Reinforcement learning algorithms can have stability issues due to correlations between states. To reduce correlations when training, we can store the agent's experiences and later draw a random mini-batch of those experiences to train on. 

Here, we'll create a `Memory` object that will store our experiences, our transitions $<s, a, r, s'>$. This memory will have a maxmium capacity, so we can keep newer experiences in memory while getting rid of older experiences. Then, we'll sample a random mini-batch of transitions $<s, a, r, s'>$ and train on those.

Below, I've implemented a `Memory` object. If you're unfamiliar with `deque`, this is a double-ended queue. You can think of it like a tube open on both sides. You can put objects in either side of the tube. But if it's full, adding anything more will push an object out the other side. This is a great data structure to use for the memory buffer.

In [13]:
from collections import deque

class Memory():    
    def __init__(self, max_size = 1000):
        self.buffer = deque(maxlen=max_size)

## Exploration - Exploitation

To learn about the environment and rules of the game, the agent needs to explore by taking random actions. We'll do this by choosing a random action with some probability $\epsilon$ (epsilon).  That is, with some probability $\epsilon$ the agent will make a random action and with probability $1 - \epsilon$, the agent will choose an action from $Q(s,a)$. This is called an **$\epsilon$-greedy policy**.


At first, the agent needs to do a lot of exploring. Later when it has learned more, the agent can favor choosing actions based on what it has learned. This is called _exploitation_. We'll set it up so the agent is more likely to explore early in training, then more likely to exploit later in training.

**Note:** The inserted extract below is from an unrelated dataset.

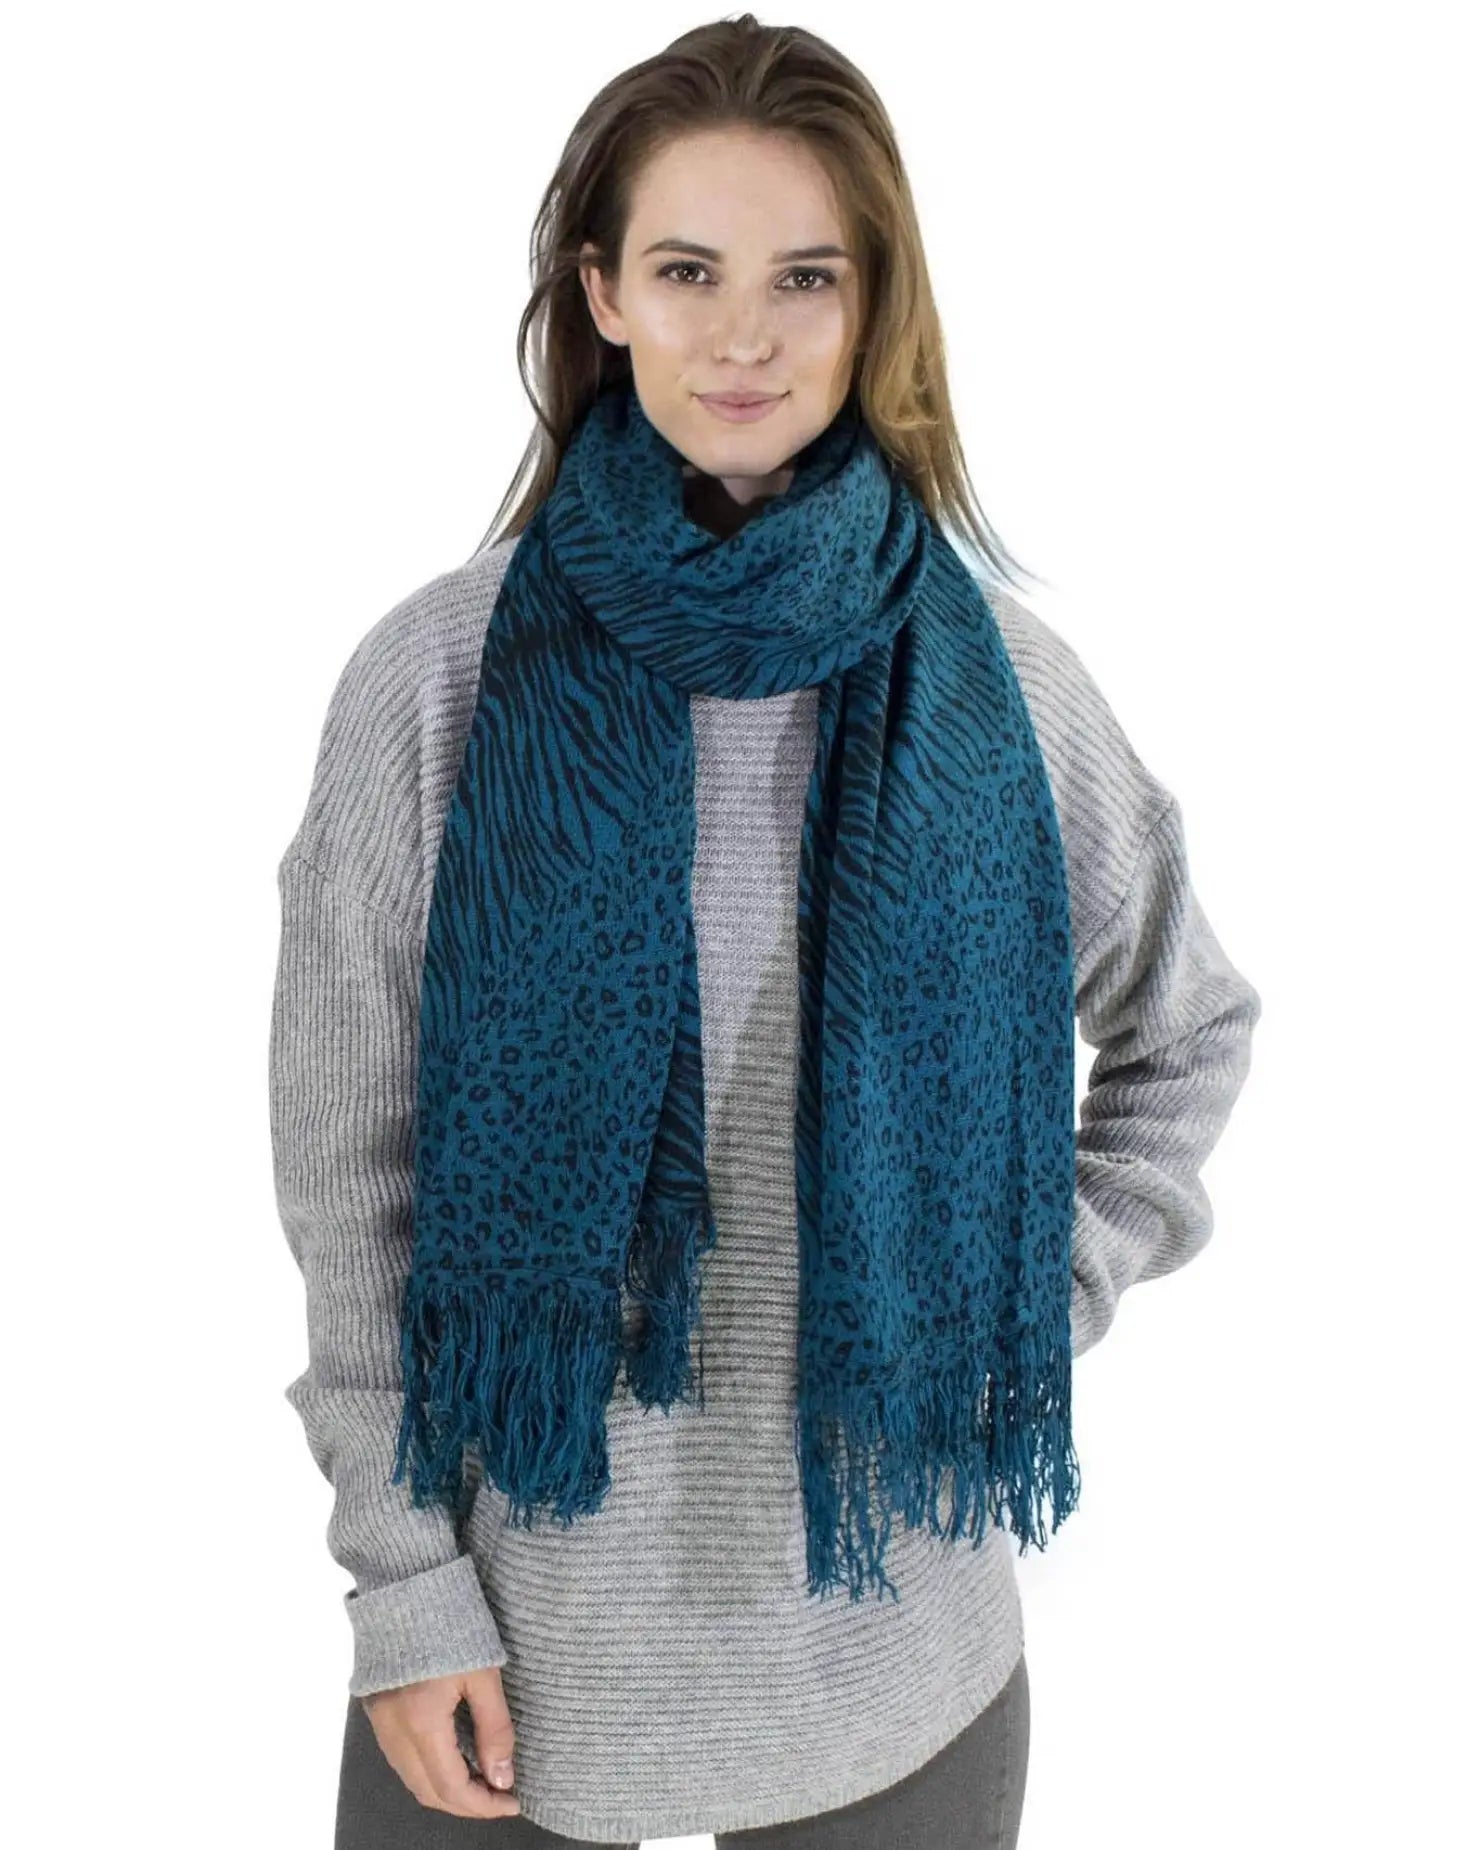 Woman wearing a blue leopard and zebra print winter scarf.

## Q-Learning training algorithm

Putting all this together, we can list out the algorithm we'll use to train the network. We'll train the network in _episodes_. One *episode* is one simulation of the game. For this game, the goal is to keep the pole upright for 195 frames. So we can start a new episode once meeting that goal. The game ends if the pole tilts over too far, or if the cart moves too far the left or right. When a game ends, we'll start a new episode. Now, to train the agent:

* Initialize the memory $D$
* Initialize the action-value network $Q$ with random weights
* **For** episode = 1, $M$ **do**
  * **For** $t$, $T$ **do**
     * With probability $\epsilon$ select a random action $a_t$, otherwise select $a_t = \mathrm{argmax}_a Q(s,a)$
     * Execute action $a_t$ in simulator and observe reward $r_{t+1}$ and new state $s_{t+1}$
     * Store transition $<s_t, a_t, r_{t+1}, s_{t+1}>$ in memory $D$
     * Sample random mini-batch from $D$: $<s_j, a_j, r_j, s'_j>$
     * Set $\hat{Q}_j = r_j$ if the episode ends at $j+1$, otherwise set $\hat{Q}_j = r_j + \gamma \max_{a'}{Q(s'_j, a')}$
     * Make a gradient descent step with loss $(\hat{Q}_j - Q(s_j, a_j))^2$
  * **endfor**
* **endfor**

## Hyperparameters

One of the more difficult aspects of reinforcememt learning are the large number of hyperparameters. Not only are we tuning the network, but we're tuning the simulation.

In [14]:
# print('state:', np.array(states).shape[1], 
#       'action size: {}'.format((np.max(np.array(actions)) - np.min(np.array(actions)))+1))

In [15]:
# Training parameters
train_episodes = 1000          # max number of episodes to learn from
max_steps = 3000000000         # max steps in an episode
learning_rate = 0.001          # learning rate for adam

# Exploration parameters
explore_start = 1.0            # exploration probability at start
explore_stop = 0.01            # minimum exploration probability 
decay_rate = 0.0001            # exponential decay rate for exploration prob

# Network parameters
state_size = 4                 # number of units for the input state/observation -- simulation
hidden_size = 64               # number of units in each Q-network hidden layer -- simulation
action_size = 2                # number of units for the output actions -- simulation
batch_size = 50                # number of samples in the memory/ experience as mini-batch size

In [16]:
# Reset/init the graph/session
tf.reset_default_graph()

# Init the model
model = Model(action_size=action_size, hidden_size=hidden_size, state_size=state_size, batch_size=batch_size, 
              learning_rate=learning_rate)

# Init the memory
memory = Memory(max_size=batch_size)

(?, 4) (?, 64)
(1, 50, 64) (1, 64)
(1, 50, 64) (1, 64)
(50, 64)
(50, 2)


## Populate the memory (exprience memory)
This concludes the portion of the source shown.